Traders wait for data, prepares for fallout

Source Cryptopolitan

The S&P 500 is grinding against 6,000 and can’t break through. The index has surged 20% since April but is now stalled just 2.3% below its all-time high.

Traders are holding their breath ahead of the consumer price index (CPI) data due Wednesday and the Federal Reserve’s interest rate decision set for June 18. According to Asym 500, this double-whammy is all anyone is watching right now.

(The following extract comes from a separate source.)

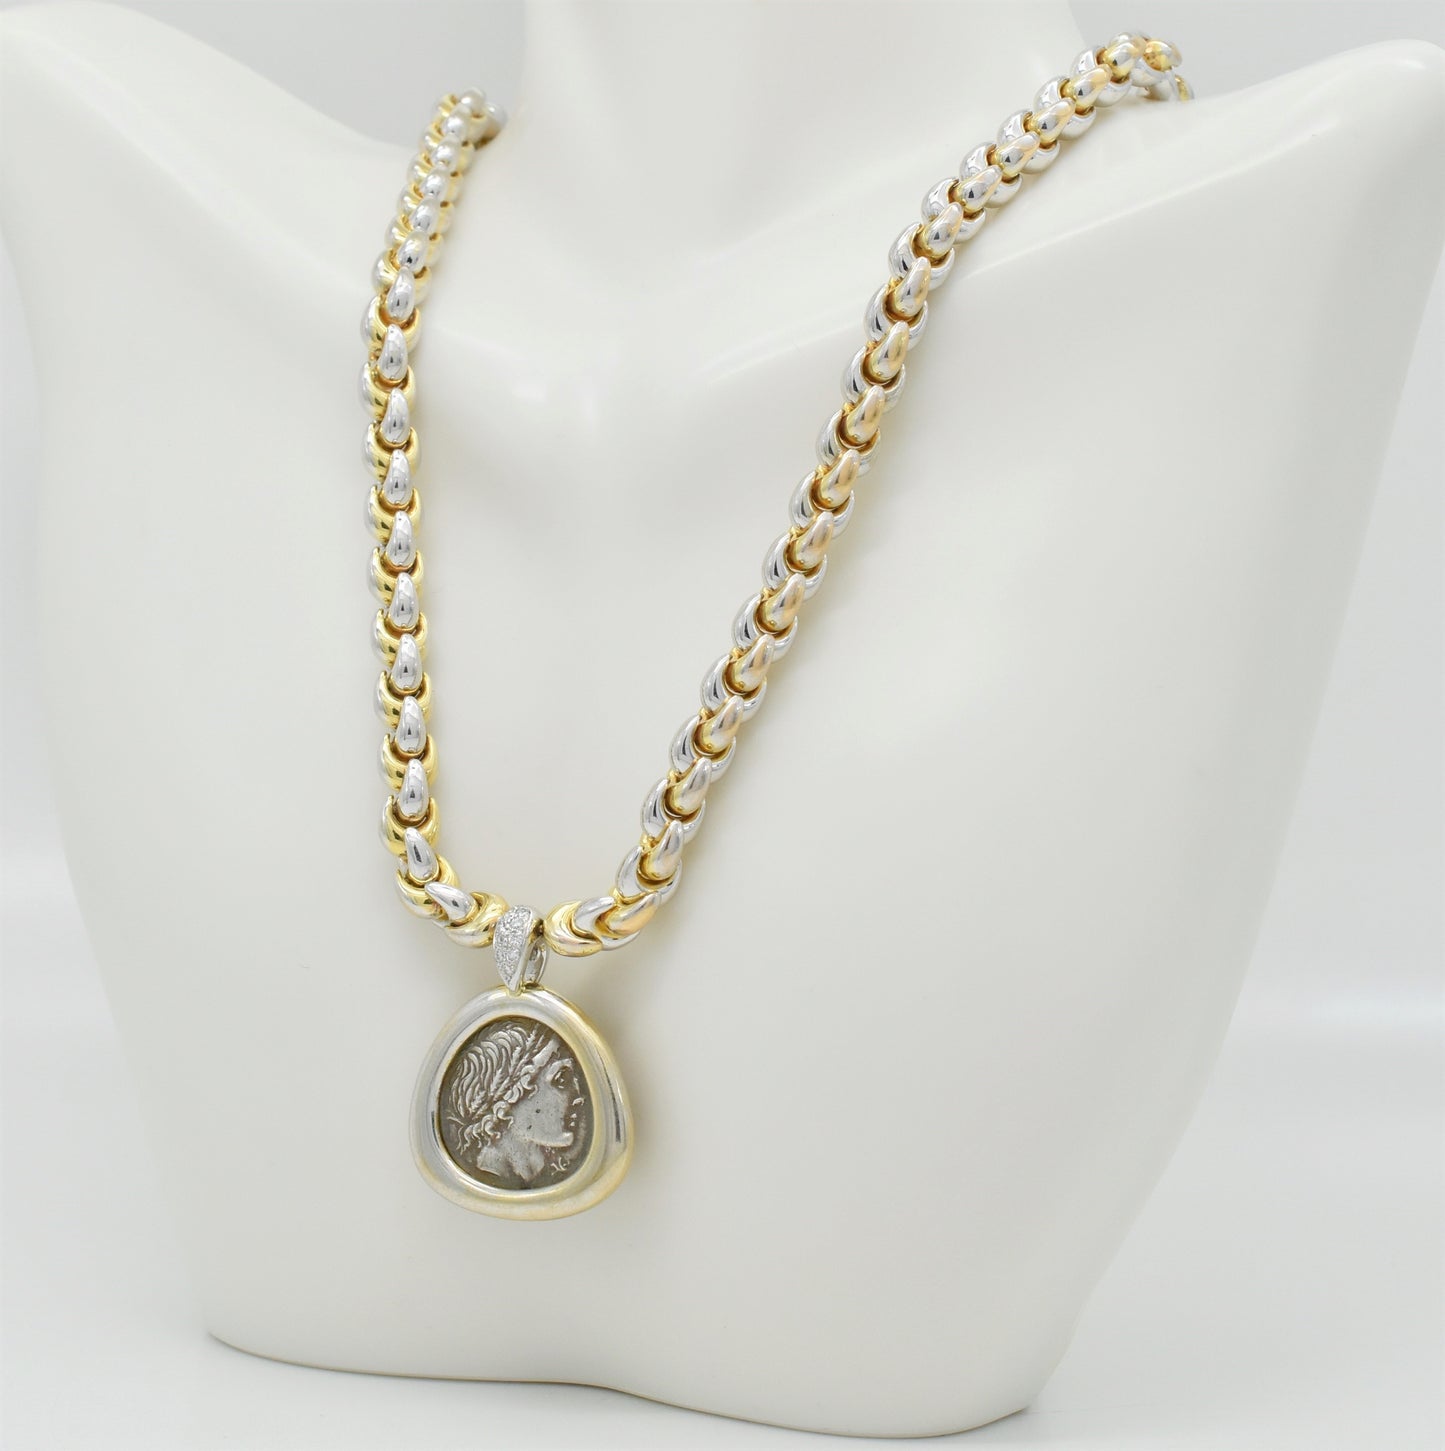 18k Yellow Gold & Platinum Diamond Roman Coin Necklace, 16.5 inches - 53.0g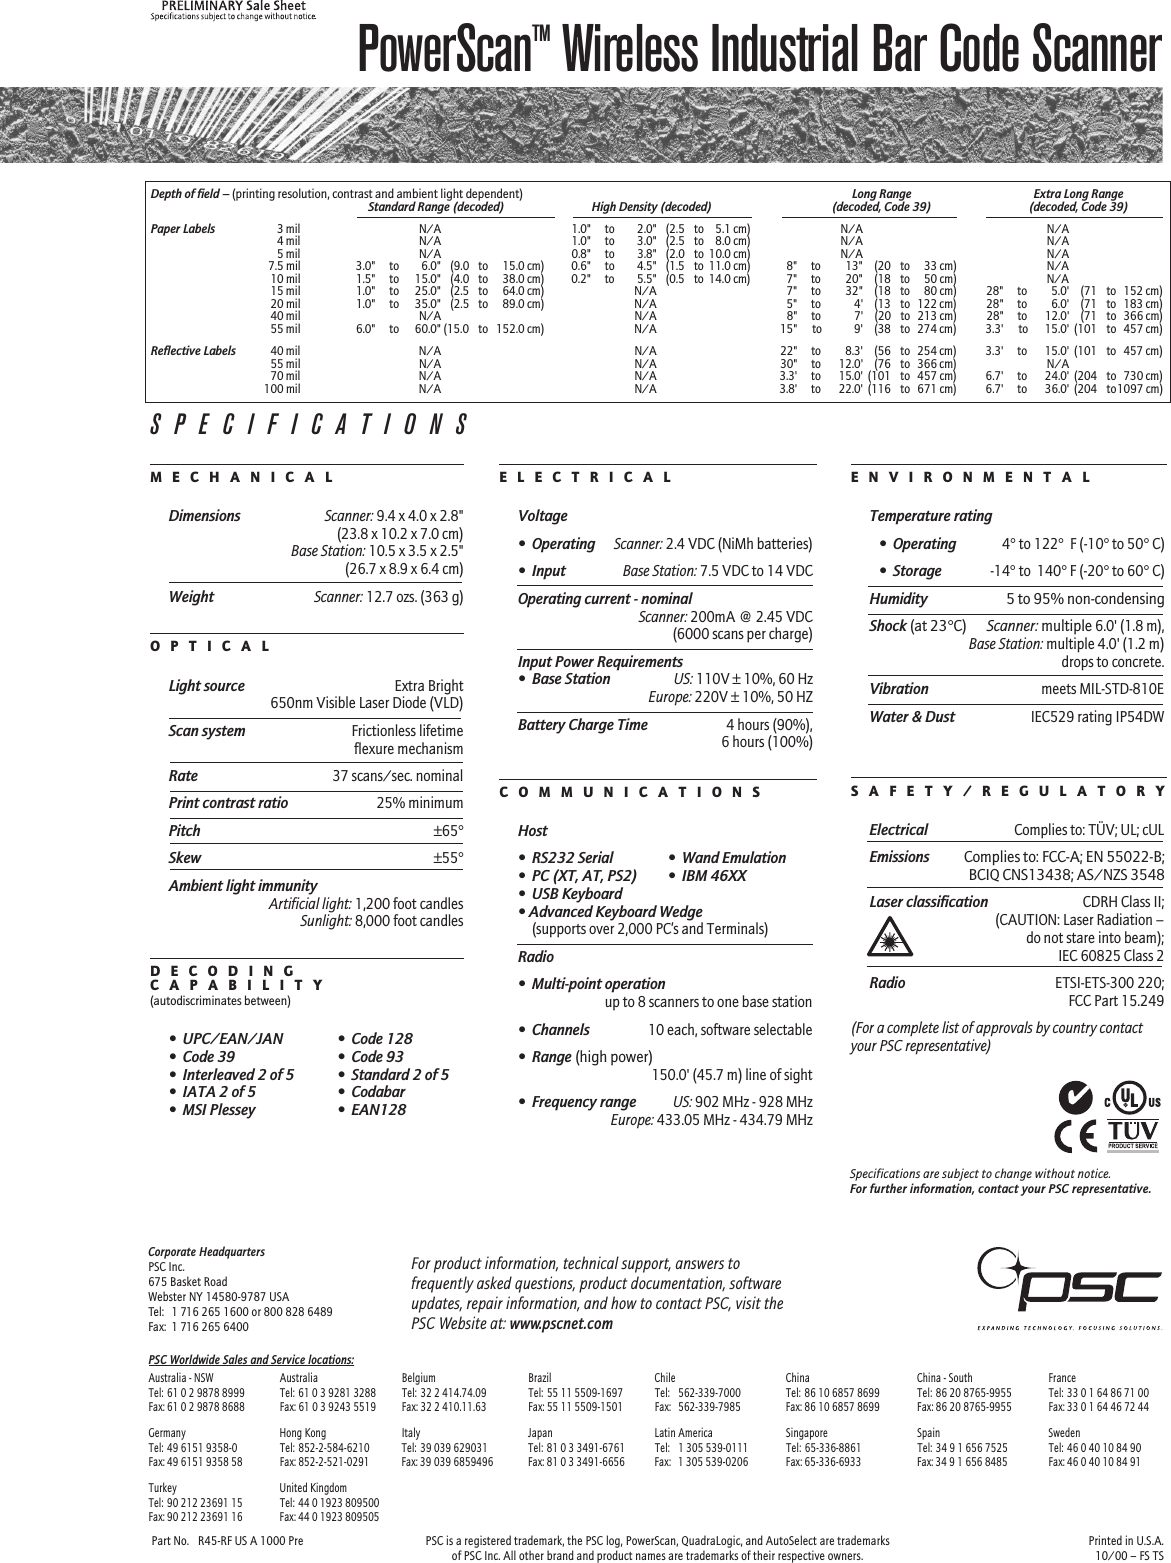 PowerScanTM Wireless Industrial Bar Code ScannerPart No. R45-RF US A 1000 Pre PSC is a registered trademark, the PSC log, PowerScan, QuadraLogic, and AutoSelect are trademarks Printed in U.S.A.of PSC Inc. All other brand and product names are trademarks of their respective owners. 10/00 – FS TSPSC Worldwide Sales and Service locations:Australia - NSW Australia Belgium Brazil Chile China China - South FranceTel: 61 0 2 9878 8999 Tel: 61 0 3 9281 3288 Tel: 32 2 414.74.09 Tel: 55 11 5509-1697 Tel: 562-339-7000 Tel: 86 10 6857 8699 Tel: 86 20 8765-9955 Tel: 33 0 1 64 86 71 00Fax: 61 0 2 9878 8688 Fax: 61 0 3 9243 5519 Fax: 32 2 410.11.63 Fax: 55 11 5509-1501 Fax: 562-339-7985 Fax: 86 10 6857 8699 Fax: 86 20 8765-9955 Fax: 33 0 1 64 46 72 44Germany Hong Kong Italy Japan Latin America Singapore Spain SwedenTel: 49 6151 9358-0 Tel: 852-2-584-6210 Tel: 39 039 629031 Tel: 81 0 3 3491-6761 Tel: 1 305 539-0111 Tel: 65-336-8861 Tel: 34 9 1 656 7525 Tel: 46 0 40 10 84 90Fax: 49 6151 9358 58 Fax: 852-2-521-0291 Fax: 39 039 6859496 Fax: 81 0 3 3491-6656 Fax: 1 305 539-0206 Fax: 65-336-6933 Fax: 34 9 1 656 8485 Fax: 46 0 40 10 84 91Turkey United KingdomTel: 90 212 23691 15 Tel: 44 0 1923 809500Fax: 90 212 23691 16 Fax: 44 0 1923 809505Corporate HeadquartersPSC Inc.675 Basket RoadWebster NY 14580-9787 USATel: 1 716 265 1600 or 800 828 6489Fax: 1 716 265 6400For product information, technical support, answers tofrequently asked questions, product documentation, softwareupdates, repair information, and how to contact PSC, visit thePSC Website at: www.pscnet.comDepth of field – (printing resolution, contrast and ambient light dependent) Long Range Extra Long RangeStandard Range (decoded) High Density (decoded) (decoded, Code 39) (decoded, Code 39)Paper Labels3 mil N/A 1.0&quot; to 2.0&quot; (2.5 to 5.1 cm) N/A N/A4 mil N/A 1.0&quot; to 3.0&quot; (2.5 to 8.0 cm) N/A N/A5 mil N/A 0.8&quot; to 3.8&quot; (2.0 to 10.0 cm) N/A N/A7.5 mil 3.0&quot; to 6.0&quot; (9.0 to 15.0 cm) 0.6&quot; to 4.5&quot; (1.5 to 11.0 cm) 8&quot; to 13&quot; (20 to 33 cm) N/A10 mil 1.5&quot; to 15.0&quot; (4.0 to 38.0 cm) 0.2&quot; to 5.5&quot; (0.5 to 14.0 cm) 7&quot; to 20&quot; (18 to 50 cm) N/A15 mil 1.0&quot; to 25.0&quot; (2.5 to 64.0 cm) N/A 7&quot; to 32&quot; (18 to 80 cm) 28&quot; to 5.0&apos; (71 to 152 cm)20 mil 1.0&quot; to 35.0&quot; (2.5 to 89.0 cm) N/A 5&quot; to 4&apos; (13 to 122 cm) 28&quot; to 6.0&apos; (71 to 183 cm)40 mil N/A N/A 8&quot; to 7&apos; (20 to 213 cm) 28&quot; to 12.0&apos; (71 to 366 cm)55 mil 6.0&quot; to 60.0&quot; (15.0 to 152.0 cm) N/A 15&quot;  to 9&apos; (38 to 274 cm) 3.3&apos;  to 15.0&apos; (101 to 457 cm)Reflective Labels40 mil N/A N/A 22&quot; to 8.3&apos; (56 to 254 cm) 3.3&apos; to 15.0&apos; (101 to 457 cm)55 mil N/A N/A 30&quot; to 12.0&apos; (76 to 366 cm) N/A70 mil N/A N/A 3.3&apos; to 15.0&apos; (101 to 457 cm) 6.7&apos; to 24.0&apos; (204 to 730 cm)100 mil N/A N/A 3.8&apos; to 22.0&apos; (116 to 671 cm) 6.7&apos; to 36.0&apos; (204 to1097 cm)M  E  C  H  A  N  I  C  A  LDimensionsScanner: 9.4 x 4.0 x 2.8&quot;(23.8 x 10.2 x 7.0 cm)Base Station: 10.5 x 3.5 x 2.5&quot;(26.7 x 8.9 x 6.4 cm)WeightScanner: 12.7 ozs. (363 g)O  P  T  I  C  A  LLight sourceExtra Bright650nm Visible Laser Diode (VLD)Scan systemFrictionless lifetimeflexure mechanismRate37 scans/sec. nominalPrint contrast ratio25% minimumPitch±65°Skew±55°Ambient light immunityArtificial light: 1,200 foot candlesSunlight: 8,000 foot candlesD  E  C  O  D  I  N  GC  A  P  A  B  I  L  I  T  Y(autodiscriminates between)•UPC/EAN/JAN •Code 128•Code 39 •Code 93•Interleaved 2 of 5 •Standard 2 of 5•IATA 2 of 5 •Codabar•MSI Plessey •EAN128E  L  E  C  T  R  I  C  A  LVoltage•OperatingScanner: 2.4 VDC (NiMh batteries)•InputBase Station: 7.5 VDC to 14 VDCOperating current - nominalScanner: 200mA @ 2.45 VDC(6000 scans per charge)Input Power Requirements•Base StationUS: 110V ± 10%, 60 HzEurope: 220V ± 10%, 50 HZBattery Charge Time4 hours (90%),6 hours (100%)C  O  M  M  U  N  I  C  A  T  I  O  N  SHost•RS232 Serial •Wand Emulation•PC (XT, AT, PS2) •IBM 46XX•USB Keyboard• Advanced Keyboard Wedge(supports over 2,000 PC’s and Terminals)Radio•Multi-point operationup to 8 scanners to one base station•Channels10 each, software selectable•Range (high power)150.0&apos; (45.7 m) line of sight•Frequency rangeUS: 902 MHz - 928 MHzEurope: 433.05 MHz - 434.79 MHzE  N  V  I  R  O  N  M  E  N  T  A  LTemperature rating•Operating4° to 122°  F (-10° to 50° C)•Storage-14° to  140° F (-20° to 60° C)Humidity 5 to 95% non-condensingShock (at 23°C) Scanner: multiple 6.0&apos; (1.8 m),Base Station: multiple 4.0&apos; (1.2 m)drops to concrete.Vibrationmeets MIL-STD-810EWater &amp; DustIEC529 rating IP54DWS  A  F  E  T  Y  /  R  E  G  U  L  A  T  O  R  YElectricalComplies to: TÜV; UL; cULEmissions Complies to: FCC-A; EN 55022-B;BCIQ CNS13438; AS/NZS 3548Laser classificationCDRH Class II;(CAUTION: Laser Radiation –do not stare into beam);IEC 60825 Class 2RadioETSI-ETS-300 220;FCC Part 15.249(For a complete list of approvals by country contactyour PSC representative)SPECIFICATIONSSpecifications are subject to change without notice.For further information, contact your PSC representative.

The calm has been unnatural. For seven straight sessions leading into Friday, the S&P 500 moved less than 0.6% in either direction — the quietest stretch since December. That’s not normal for a market this close to record highs. But despite solid earnings and no major signs of recession, everyone knows this silence might not last.

Traders wait for data, prep for fallout

Eric Diton, president and managing director of Wealth Alliance, says the rally can’t keep going unless there’s less uncertainty. “For US stocks to get back to all-time highs, we have to get rid of uncertainty, but most catalysts are elusive for now until the trade war chaos is resolved,” he said. His firm is already hedging against a possible drop.

The data coming in hasn’t helped. May saw a slowdown in US job growth. Manufacturing and services activity dipped. But markets don’t care. Everyone’s betting the damage from Trump’s trade war won’t hit too hard. That’s helped the Nasdaq 100 stay just 1.9% from its record. Still, some traders are nervous.

Inflation is expected to rise. The May CPI is forecast to show a 0.3% monthly increase in core prices, higher than the 0.2% reported in April. That would push the year-over-year reading to 2.9%, way above the Fed’s 2% goal. Wells Fargo economists say inflation will climb even faster later this year.

Some traders think this could force Fed Chair Jerome Powell to cut rates in September. But others say rising inflation or sudden volatility could crush riskier trades. And that fear is building just under the surface.

The S&P 500 is also trailing global stocks by a lot. It’s underperforming the MSCI All Country World Index (excluding the US) by nearly 12 percentage points so far in 2025 — the worst relative start since 1993. Michael Hartnett, a strategist at Bank of America, says investors are too loaded up on risky bets, and the setup looks close to triggering a technical selloff.

Inflation pressure builds as volatility returns

Traders are still glued to the big macro events. Data from Asym 500 shows that in the last three months, S&P 500 volatility jumps to 42% on days with CPI, Fed, or jobs data, compared to just 29% on all other days. These reports move markets, and everyone knows it.

Over the last two months, fund managers have dumped cash and gone all-in on US equities. But that rush has left them without much protection. If CPI comes in hot on Wednesday, the market could get caught with its pants down.

Pursche says that’s exactly the problem. “I fear many are not paying attention to these threats because most are thinking ‘everything will be fine,’ but they’re ignoring warning signs,” he said. This kind of blind optimism is exactly what makes traders anxious.

Deutsche Bank says rules-based and discretionary traders are still holding fewer stocks than usual. So, technically, they could still buy more. The wildcard now is the lag effect of tariffs. No one really knows when or how they’ll start hitting inflation numbers.

Brooke May, managing partner at Evans May Wealth, says people might be underestimating that risk.

“We’ve become desensitized with inflation because everyone is betting that it will take months before tariffs will flow through into the economic data,” she said. “But if there’s a hot CPI print, it could lead to another selloff in stocks, though will investors use any drawdown to keep buying the dip, or sell?”

That’s the big question. Will traders treat a dip as a buying opportunity or get spooked and start running for the exit?